Contribution à la modélisation en compatibilité électromagnétique des machines électriques triphasées

The research presented in this report addresses the problem of electromagnetic compatibility (EMC) in AC motors, which are supplied by PWM inverters, through the predictive modeling of the common mode impedance as well as aspect related to bearing voltage. We begin with identification of the parameters that govern the propagation path of common mode currents in the metallic parts of induction machines using finite element (FE) method. From analysis of the results, a circuit model was proposed to predict these propagation paths. The next chapter deals with the relationship between the existing parasitic capacitances and the development of the bearing voltage, which is responsible for premature failure of bearings. The study is realized on a wound-rotor synchronous motor with of an electric car. These approaches bring out the predominance of the capacitive coupling between the winding and the stator.

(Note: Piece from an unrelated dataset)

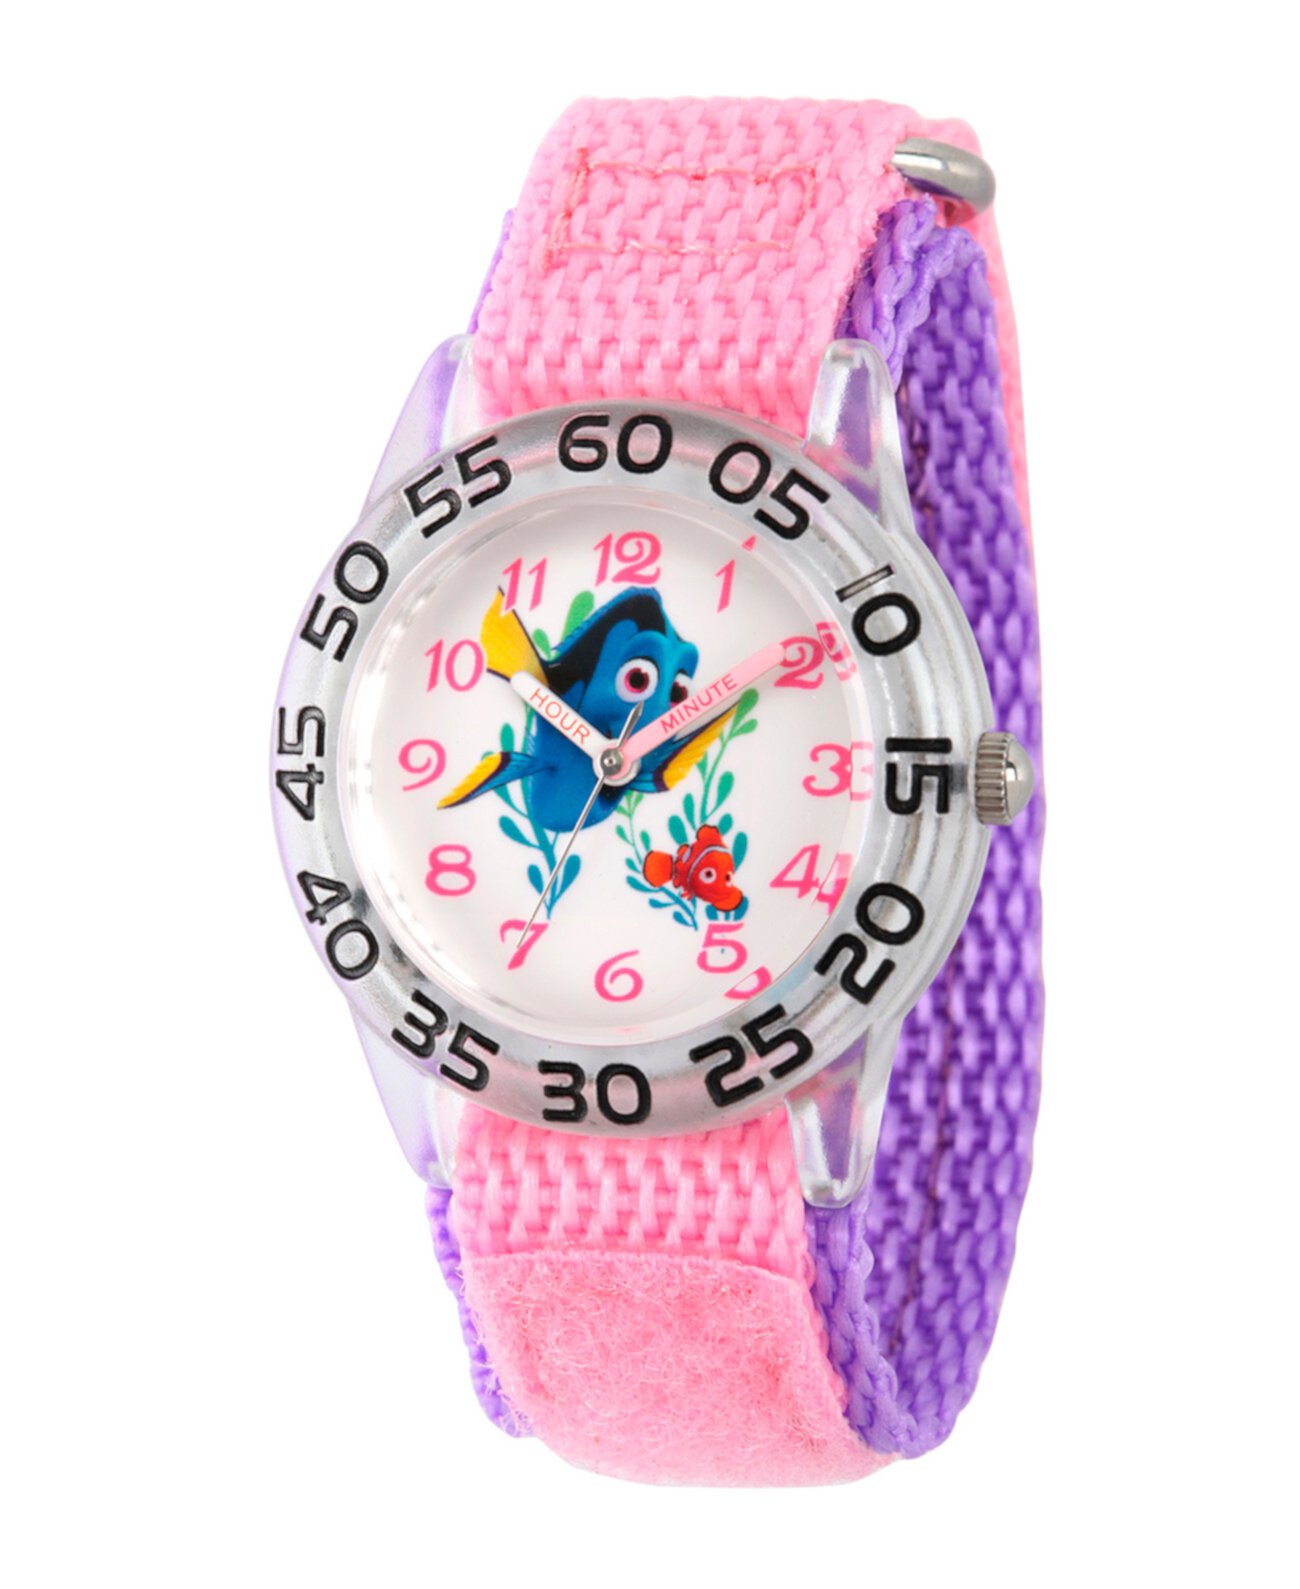 Дисней В поисках Dory Nemo и пластичных часов для учителей Dory Girls Ewatchfactory

For this reason, in the third chapter we developed a program based on analytical formulations, to automatically calculate the capacitive coupling as well as electrostatic energy within the slots of low and middle power machines. We find that the obtained results are in good agreement with FE calculation and the measurement. Finally, we propose a methodology for predictive modeling of common mode impedance of the stator windings taking into consideration all the inductive and capacitive phenomena. An electric model with lumped parameters RLC is then generated, which is implantable in SPICE type software. The prediction results are in good agreement with the measurement results on frequency band [10kHz - 100 MHz].